4 Sucked - Jesse Eisenberg: Lex Luthor
Jesse Eisenberg's portrayal of Lex Luthor is a perfect example of the unique challenge of playing a comic book character. While you be an exceptional actor in your own right, you still have to acknowledge that the fans will already have a preconceived notion of your character. In this vein, Eisenberg's portrayal of Luthor in Batman vs Superman would be fine if he were playing say the Joker, but his portrayal simply did not match up with any other previous versions of Luthor. Instead of playing the cool, ruthless businessman that Luthor is, he played a deranged psychopath. Major loss of points to Eisenberg for not understanding his characters personality.
3 Amazing - Tom Hiddleston: Loki
I think the easiest way to tell when a portrayal of a villain is great is when the villain in the story becomes as popular as the hero. This is exactly what happened with the debut of Thor in 2011 and Avengers in 2012. The main villain of both these films was Thor's evil half-brother Loki, played by Tom Hiddleston. Despite his villainous nature, Loki is simply too funny and snarky to hate. Hiddleston's portrayal of Loki is one of the main reasons for the success of these two films and nets a spot for him here at #3. We also can't wait to see what kind of role the God of Mischief will play in the upcoming Avengers: Infinity War films, Part I of which is set for release in 2018. We're willing to bet that Loki will have some sort of influence on the plot.

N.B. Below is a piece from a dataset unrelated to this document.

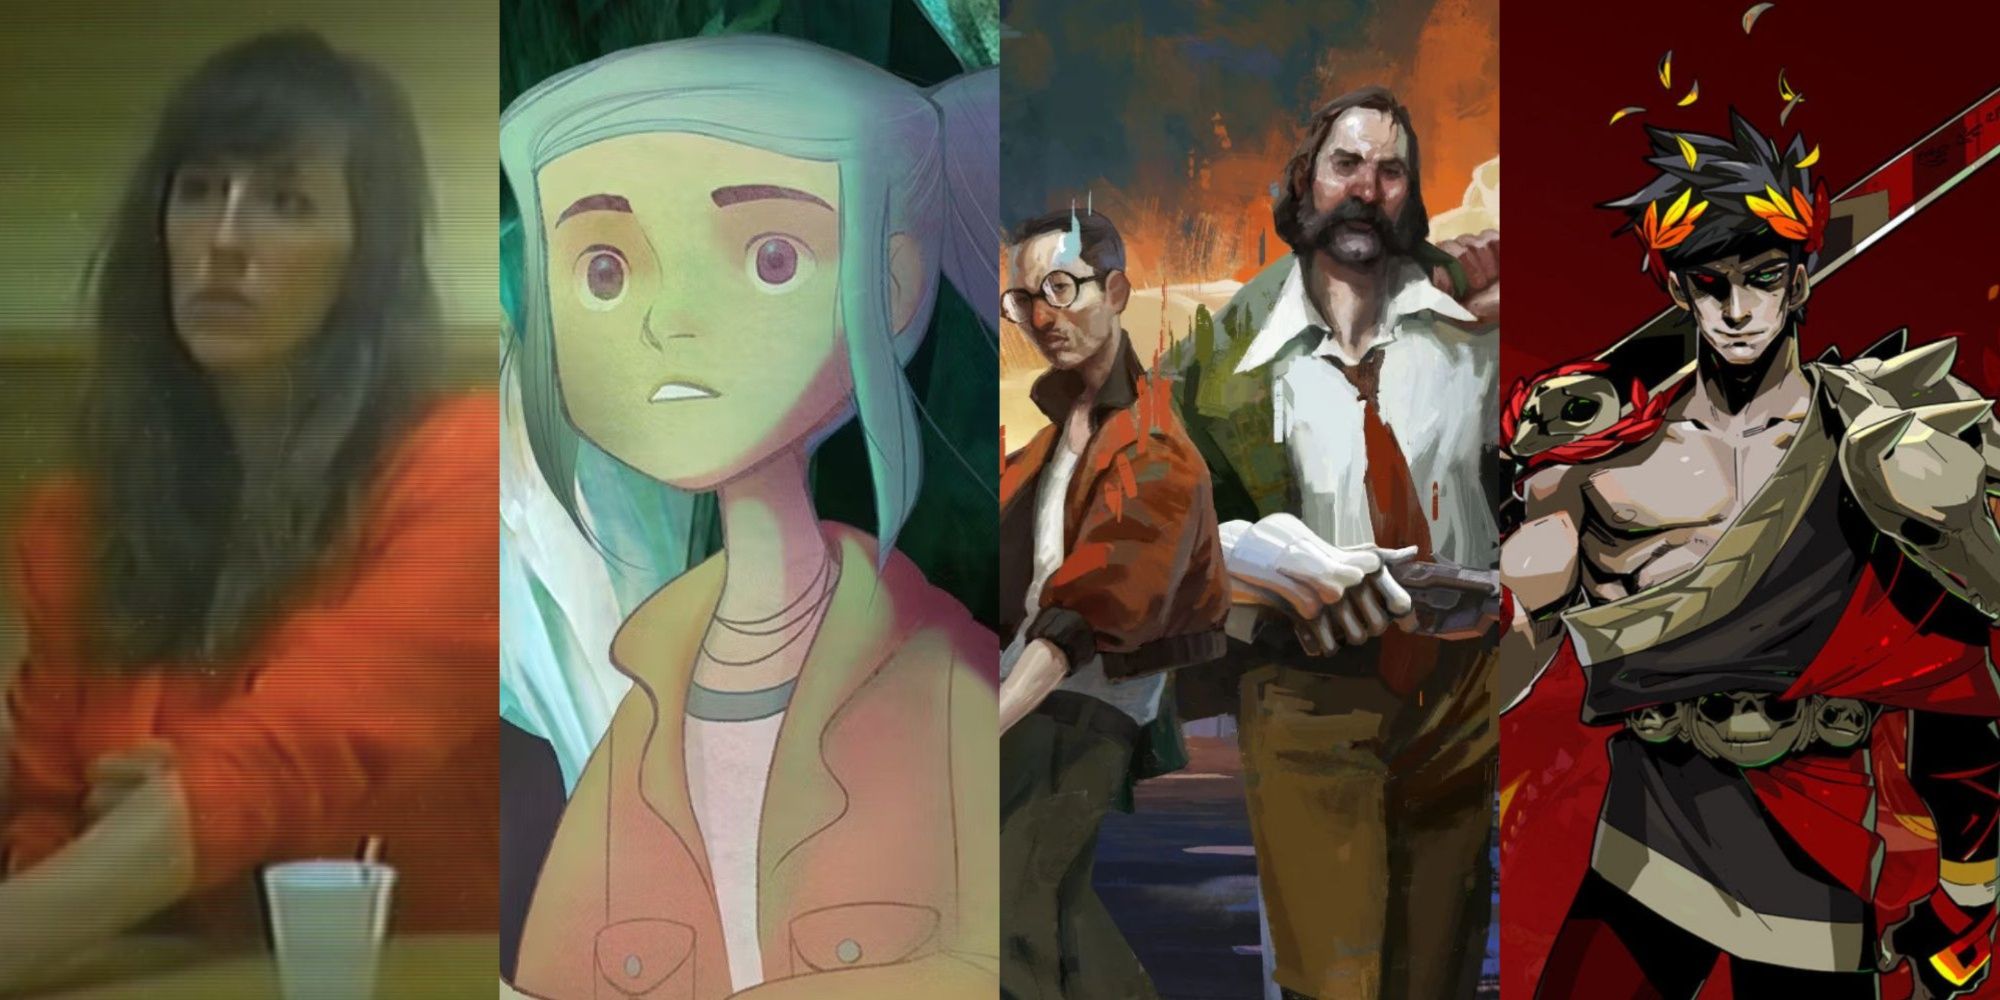 Four-image collage of the main protagonists from Her Story, Oxenfree, Disco Elysium, and Hades.

2 Sucked - Jeep Swenson: Bane
Jeep Swenson was cast as the villain Bane in the 1997 movie, Batman and Robin. That should tell you everything you need to know about why this role lands on our list. For those of you who have not already read my article on the 8 Superhero Roles We Loved and 7 Which Were Total Garbage, (shameless plug), Batman and Robin was a complete trainwreck. Without going into the specifics of what made this film so bad, believe me when I tell you that Swenson as Bane was one of the worst parts. Pretty much just a muscle-bound monster, Swenson brought forth none of the sophistication or cerebral nature typically associated with Bane (think Tom Hardy's version of Bane in the Dark Knight Rises without the offsetting accent). I don't know if I can do justice to how bad this role (and film in general) was, but it 100% deserves its spot on this list here at #2.
1 Amazing - Heath Ledger: The Joker
Anyone who is surprised to see Heath Ledger's role as the Joker at the top of this list has never seen his dramatic portrayal. Contained within a great movie in its own right, Ledger's portrayal of Batman's most famous nemesis still manages to stand out. I don't think even the term, "pure greatness" adequately describes what Ledger was able to do with this challenging role. In a film where so many things were happening, attention is constantly directed back to the Joker and so many of his scenes here were simply mesmerizing. The tragedy which befell Ledger shortly after filming brought further attention to this role, but even standing alone this performance is enough to warrant a listing here at #1 on our list of supervillain roles we loved.